- Born: K. Kunhiraman Nair 3 May 1933 Kayaralam, Madras Presidency, British Raj
- Died: 13 November 2018 (aged 85) Kolmotta, Anthoor, Kannur district, Kerala, India
- Occupation: Kathakali exponent
- Spouse: Memadamthil Lakshmi
- Children: 5
- Awards: Sangeet Natak Akademi Award (2015)

= Parassini Kunhiraman Nair =

Indian Kathakali exponent (1933-2018)

K. Kunhiraman Nair, popularly known as Parassini Kunhiraman Nair (May 3, 1933 - November 13, 2018) was an Indian Kathakali performer and teacher from Kerala. He received the Sangeet Natak Akademi Award for the year 2015.

==Biography==
K. Kunhiraman Nair was born on 3 May 1933 in Kayaralam in the present-day Kannur district of Kerala. Born into a modest family, Kunhiraman Nair lost his schoolteacher father when he was just two months old. When his mother Kalyani remarried, she moved into her husband's house with him. His step-father was running a tea-shop near the Parassini Madappura temple. The owner family of the temple has also owned a Kathakali troupe. Faced with extreme financial hardship, he discontinued formal schooling after the fourth standard.

When the Kathakali troupe of Madappura temple family needed trainees in Kathakali, his family enrolled him there. He started his Kathakali studies there in traditional gurukula regime under guru Kadathanattu Kochugovindan Nair. After 6 months training he made his stage debut as Krishna in Narakasuravadham Kathakali. He trained under Kochugovindan Nair for seven years before receiving advanced training under Kadathanattu Sankaran Nair and Kadathanattu Ravunni Nair.

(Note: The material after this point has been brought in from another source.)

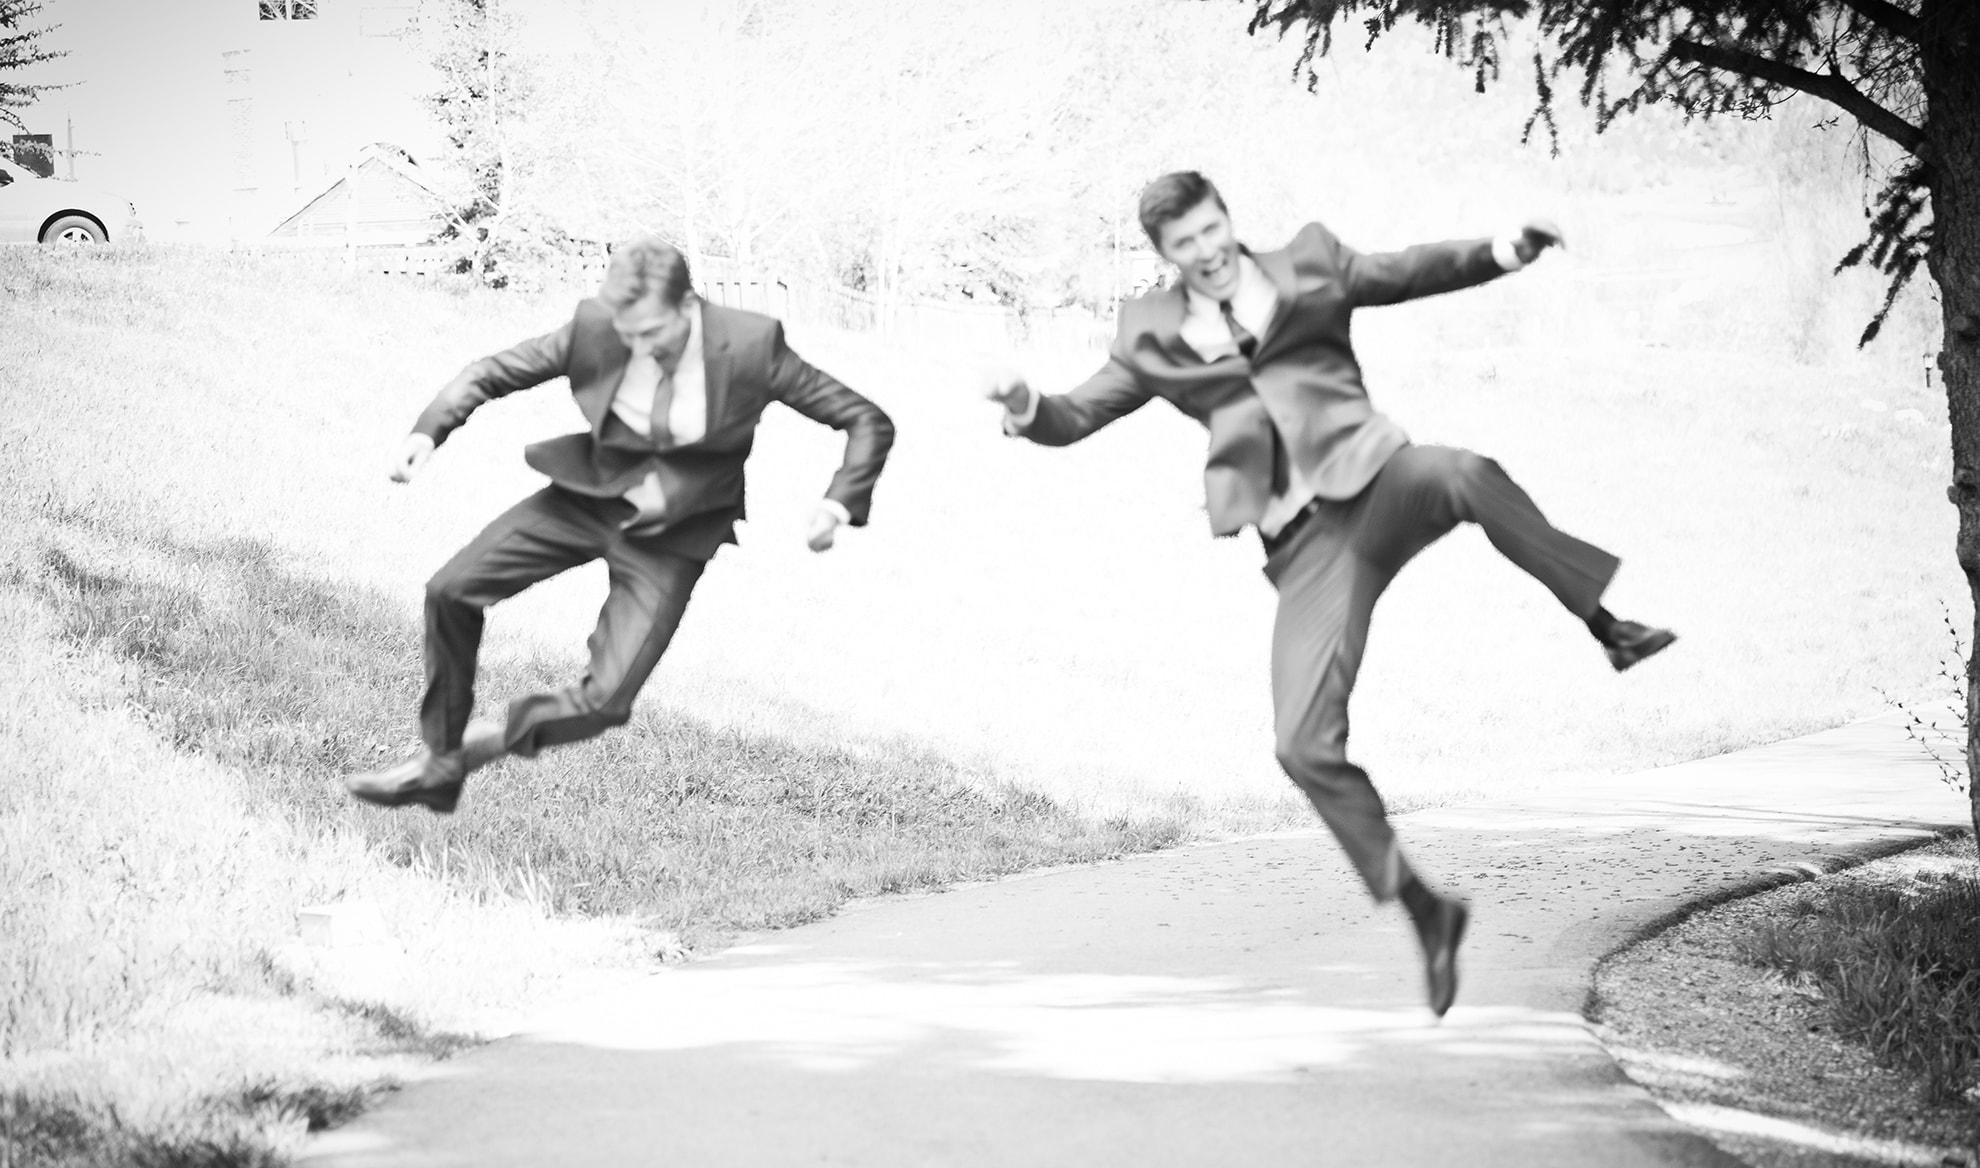 Dr. Jonathan Haerter and Dr. Matthew Hawn having fun.

Kunhiraman Nair and his wife Memadamthil Lakshmi had five children, Ramachandran, Shailaja, Shaima, Sheeja and Rajesh. He died on November 13, 2018, at his residence in Kolmotta, Kannur district.

==Career and contributions==
Kunhiraman Nair is a follower of Kadathanadan style of Kathakali. After training he became the lead artist in Parassinikkadavu Muthappan Kathakali Yogam. He played many Kathi and Vellathadi roles including Hanuman, Keechakan, Narakasuran, Raudra Bheeman and Ravanan. He has performed extensively at varioustemples in Kerala, and also in other venues across the country.

Nair, who has taught Kathakali to many, was a teacher in the Taliparamba Kathakali Sangham for a long time.

==Awards and honours==
For his contributions in the field of Kathakali, Nair received the Sangeet Natak Akademi Award for the year 2015.